I can’t imagine that I am the only person who has ever opened an e-mail…read it…cried…read it again…stormed off in anger…came back and read it again…drafted fifteen response e-mails (all of which got deleted)…read it again…turned off the computer in anger and went and had a handful of thin mints. OK, so maybe you haven’t done that exact sequence (maybe samoas are more your speed), but attempting to interpret tone in a written statement can be a very dangerous thing. So, perhaps the lesson should be to pick up the phone if there is even a question. It will save you a lot of time (and tears…or, cookies) in the long run.

6.  The seats in lecture room B are really uncomfortable.

Seriously.

5.  Balance is important.

All work and no play makes Annalise a dull girl. But, all play and no work makes Annalise a horrible assistant dean and physician. Balance is imperative. Working weekends is part of the role of the emergency physician…and part of the role of the assistant dean as well. It’s very easy for the hours to get away from you and all of a sudden you look back and realize you haven’t been to the gym in six months (even though it’s less than 100 yards from your office). Don’t feel too sorry for me…I manage to make time for other (guiltier) pleasures such as Blazer basketball, The Following, and Impractical Jokers. But sometimes, I wish I had learned the art of balance much earlier in my career. Vacations are important. Sleeping in every once in a while is nice. And, working holidays is not the end of the world. It’s life. Welcome to it.

4.  Even when you are an assistant dean, your mom still gets mad when you don’t call regularly enough.

Especially when she is Italian and Catholic.

3.  It’s important to have people in your corner that you can count on.

And you need to be able to be counted on. It’s a two way street. But, it’s narrow, and there is no room for alternate agendas, empty promises, or unkind words that serve no purpose.

I grew up on teams…mostly sports, but other types as well. The essence of teamwork is that no one person is more important than the whole. I am very fortunate, because currently I am a part of two very high functioning teams…Pediatric Emergency Medicine and Medical Student Services. And, not surprisingly, there is an amazing amount of overlap between the two. Both teams put tremendous effort toward helping others succeed without a hidden agenda. Both teams make me want to work harder and be better because they believe I can. And, both teams do what they think is in the best interest of the people they serve, whether it be the child, the parent, or the student.

Probably most importantly, I know they have my back. And, I have theirs.

2.  I don’t like reality T.V. much.

This doesn’t have anything to do with the new job…just a temporally related realization on my part.

1.  Hands down, the students are the absolute best part of this job.

Even though it’s only been six months, one thing has emerged as the most rewarding part of this job, and that is getting to work with the students.
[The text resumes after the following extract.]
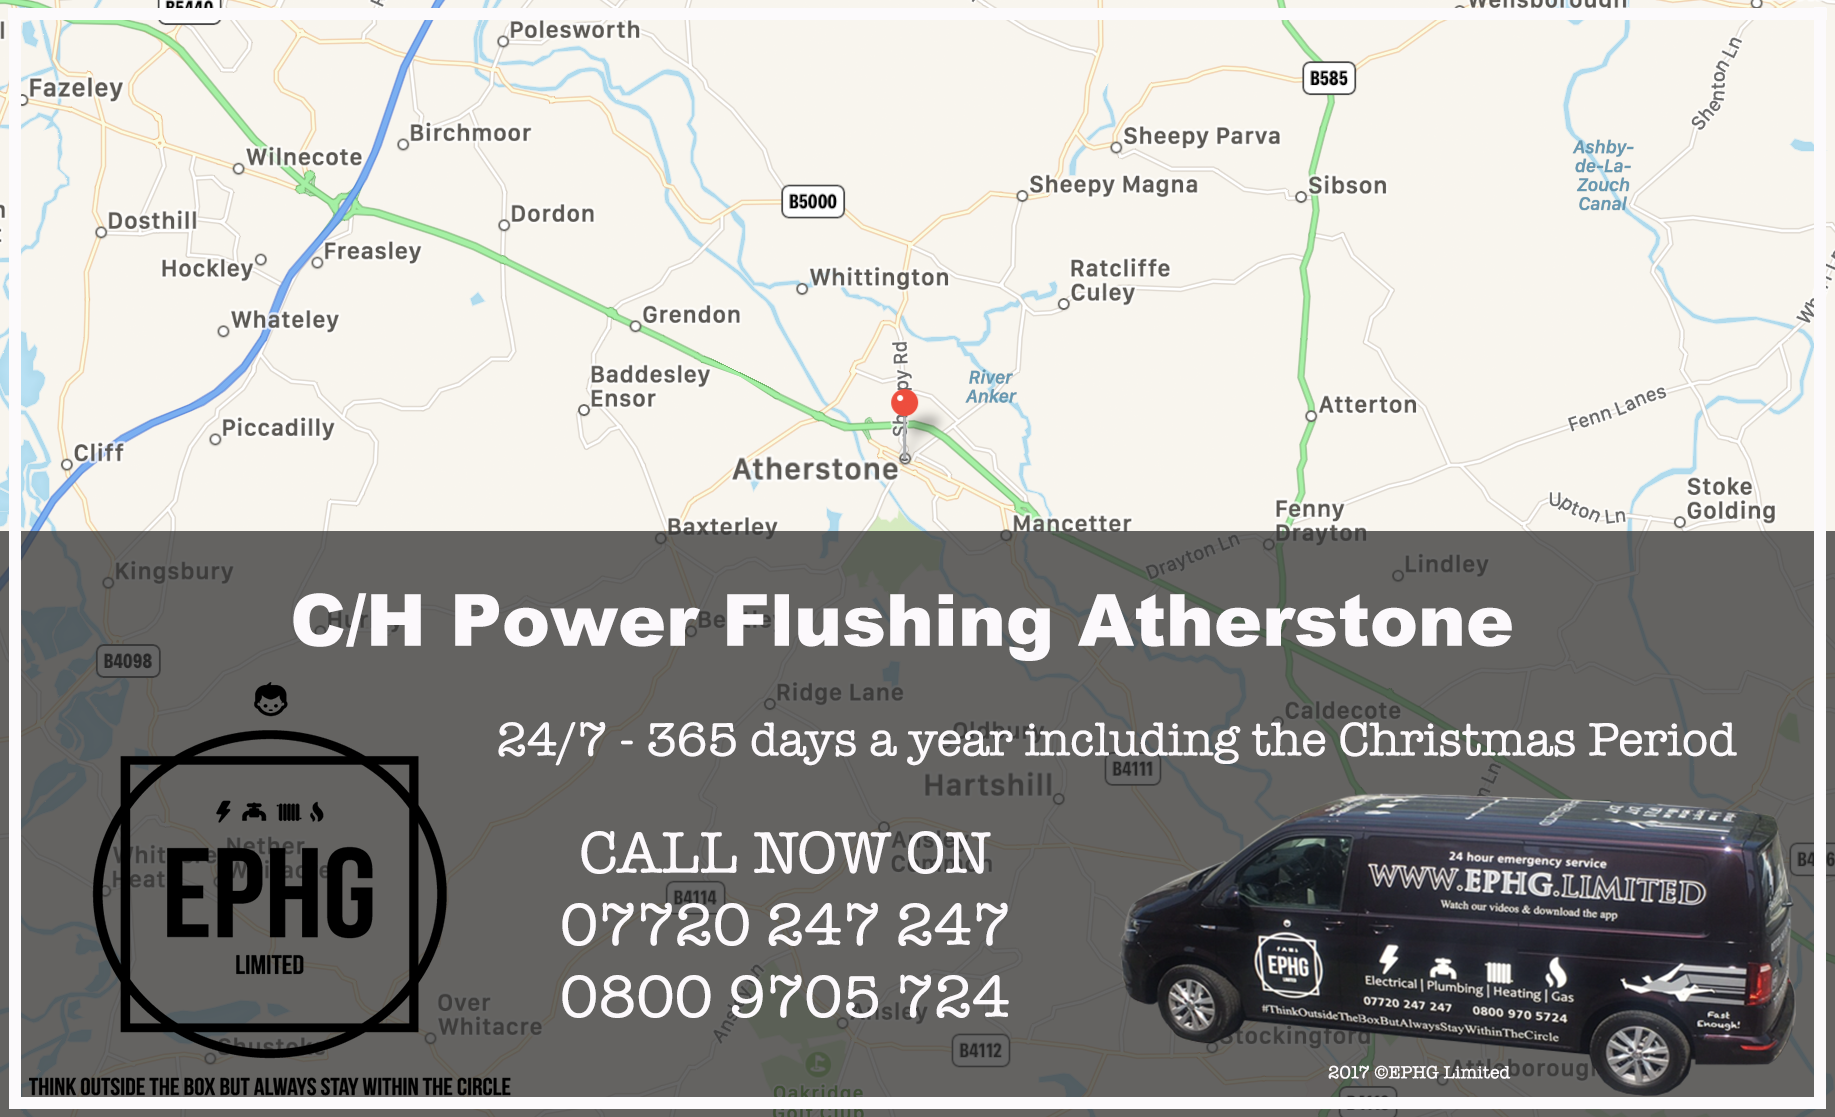 Central Heating Power Flush Atherstone

Some make me laugh. A few make me cry. Some make me lose sleep. Some drive me to eat lots of thin mints. But, I have loved (almost) every single moment. I can’t wait to watch my first match day, to participate in my first UASOM commencement, and to watch this class of 2013 go out into the world armed with the resources that we have given them to be physicians, leaders, and pioneers.

Yes, it’s only been six months. But I have already developed loyalty for my team, pride in my students, and hope for the future. I think we’re in good hands.